Session 01S3 Anaesthesia and the environment

Saturday December 18, 09:30 – 10:30 – Channel 6

There is widespread recognition that anaesthesia must play its part in reducing the global carbon footprint. This three-part session on exactly this topic starts with a talk by Dr Nicolaas Sperna Weiland, Dept of Anaesthesiology and Centre for Sustainable Healthcare, Amsterdam UMC, Amsterdam, The Netherlands.

He will discuss how, in their sixth assessment report, the Intergovernmental Panel on Climate Change stated that ‘it is unequivocal that human influence has warmed the atmosphere’. Healthcare delivery is responsible for 4.4% of global greenhouse gas (GHG) emissions. For the operating room (OR), the carbon footprint may be broken down into three scopes: (1) anaesthetic gasses, (2) energy and (3) supply chain.

6 bigstock surgeon with mask for anesthet 193645378 300x200 1He says: “Firstly, volatile anaesthetics are potent GHGs with CO2-equivalents ranging from 440 for Sevoflurane to 6810 for Desflurane. Nitrous oxide also has significant global warming potential with a CO2-equivalent of 289. Avoiding their use, or using them more efficiently can dramatically reduce the footprint of the OR.”

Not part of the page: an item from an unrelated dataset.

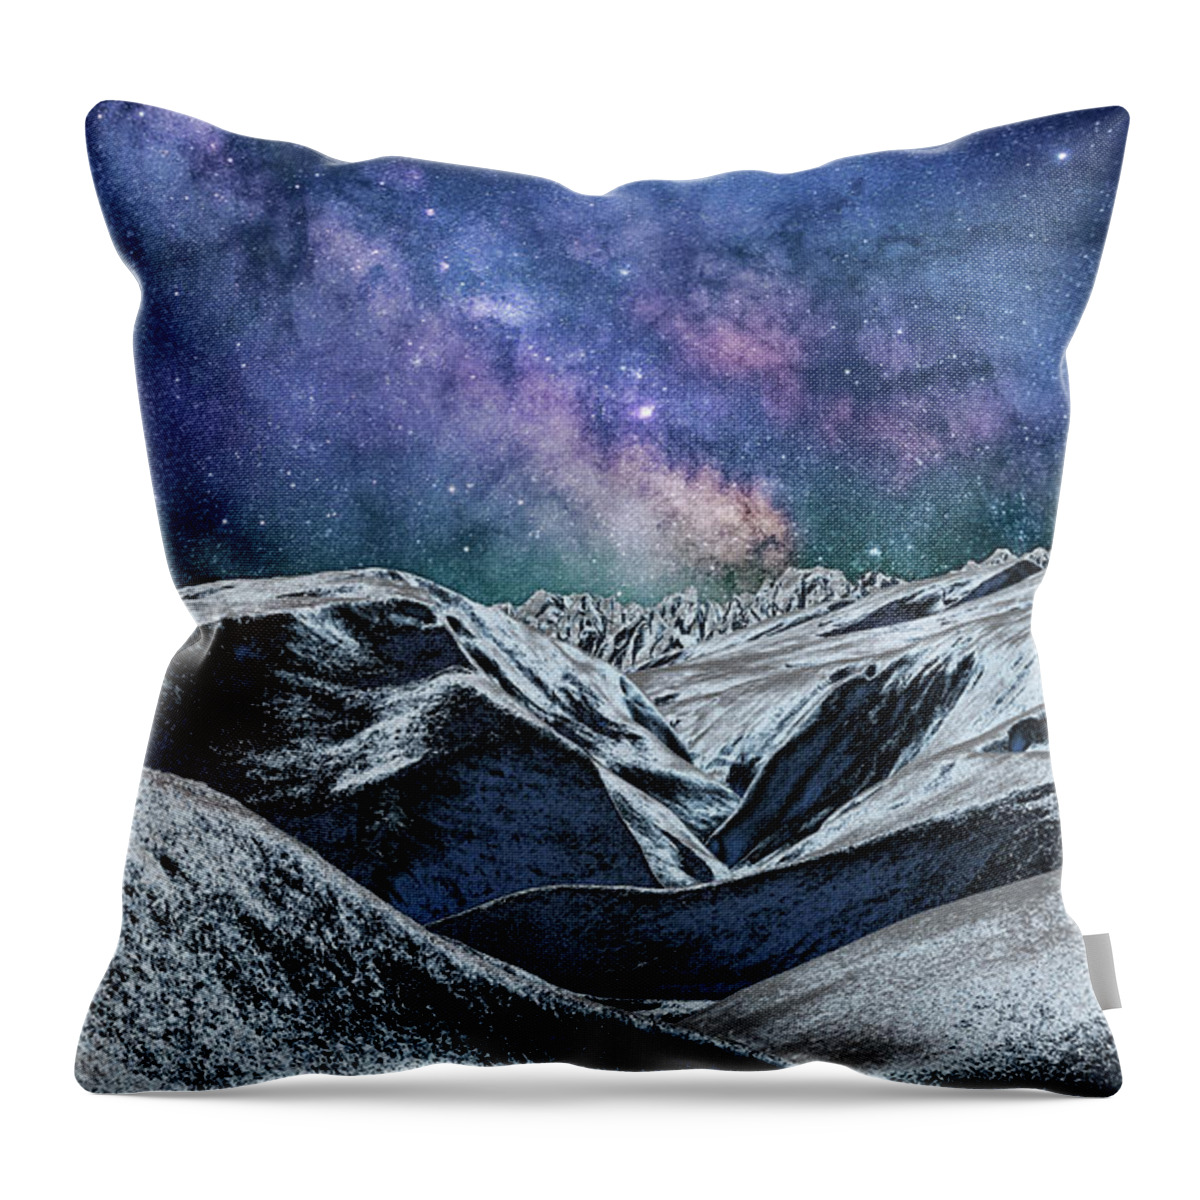 Planet Throw Pillow featuring the digital art Sci Fi World by Phil Perkins

Secondly, energy consumption is six times higher per square metre in the OR, than in the rest of the hospital. This is mainly attributable to the air treatment facility in the OR. A significant reduction in energy can be achieved by switching off these systems when the operating room is not in use. Strikingly, this is still not common practice in many hospitals.

He concludes: “Lastly, the impact of material use can be hard to quantify because the entire lifecycle (from production to waste) needs to be taken into account. Lifecycle assessments have shown that reusable equipment, despite energy use for sterilisation, usually halves the carbon footprint.”

The next talk on “Why should anaesthesiologists and intensivists care about climate change?” will be given by Dr Jane Muret, Head of Anesthesia-Intensive Care & Pain Management Department, Institut Curie Paris, France.

She says: “There is now a growing body of literature quantifying the impacts of climate change on human health. These impacts endanger our health by affecting our food and water sources, the air we breathe, our community infrastructure, and our housing and health systems.”

More than any other medical specialists, anaesthesiologists and intensivists are on the front line facing new climate-linked life-threatening pathologies as demonstrated by the still ongoing Covid crisis.

Dr Muret says: “Paradoxically, pollution generated in the service of healthcare’s mission to save and improve lives is causing harm to people and the planet. Our healthcare system itself contributes significantly to climate change: it accounts for 5 to 10 % of GHG emissions in developed countries as well as other forms of air pollution.”

She concludes: “Anaesthesiologists and intensive care physicians must then consider what can be done to reduce the carbon footprint of not only their medical practice but also of their private lives!”

The final talk on “Environmental-friendly choices in paediatric anaesthesia” will be delivered by Dr Peter Brooks, Consultant Anaesthetist, Magill Department of Anaesthesia, Chelsea & Westminster Hospital, London, United Kingdom.

He will discuss that although anaesthesia providers are a relatively small professional group in the global context, the choices they make contribute significantly to healthcare-related carbon emissions. If they are committed to reducing the contribution these choices make to global warming and building an environmentally conscious practice, they need to develop carbon literacy.

The delivery of paediatric anaesthesia is a carbon hotspot within the hospital. Choosing inhalational agents with lower global warming impacts and reducing dependence on nitrous oxide is possible in paediatric anaesthesia. However, systematically switching to lower emissions forms of anaesthesia such as local, regional and intravenous general anaesthesia agents, presents a much greater challenge.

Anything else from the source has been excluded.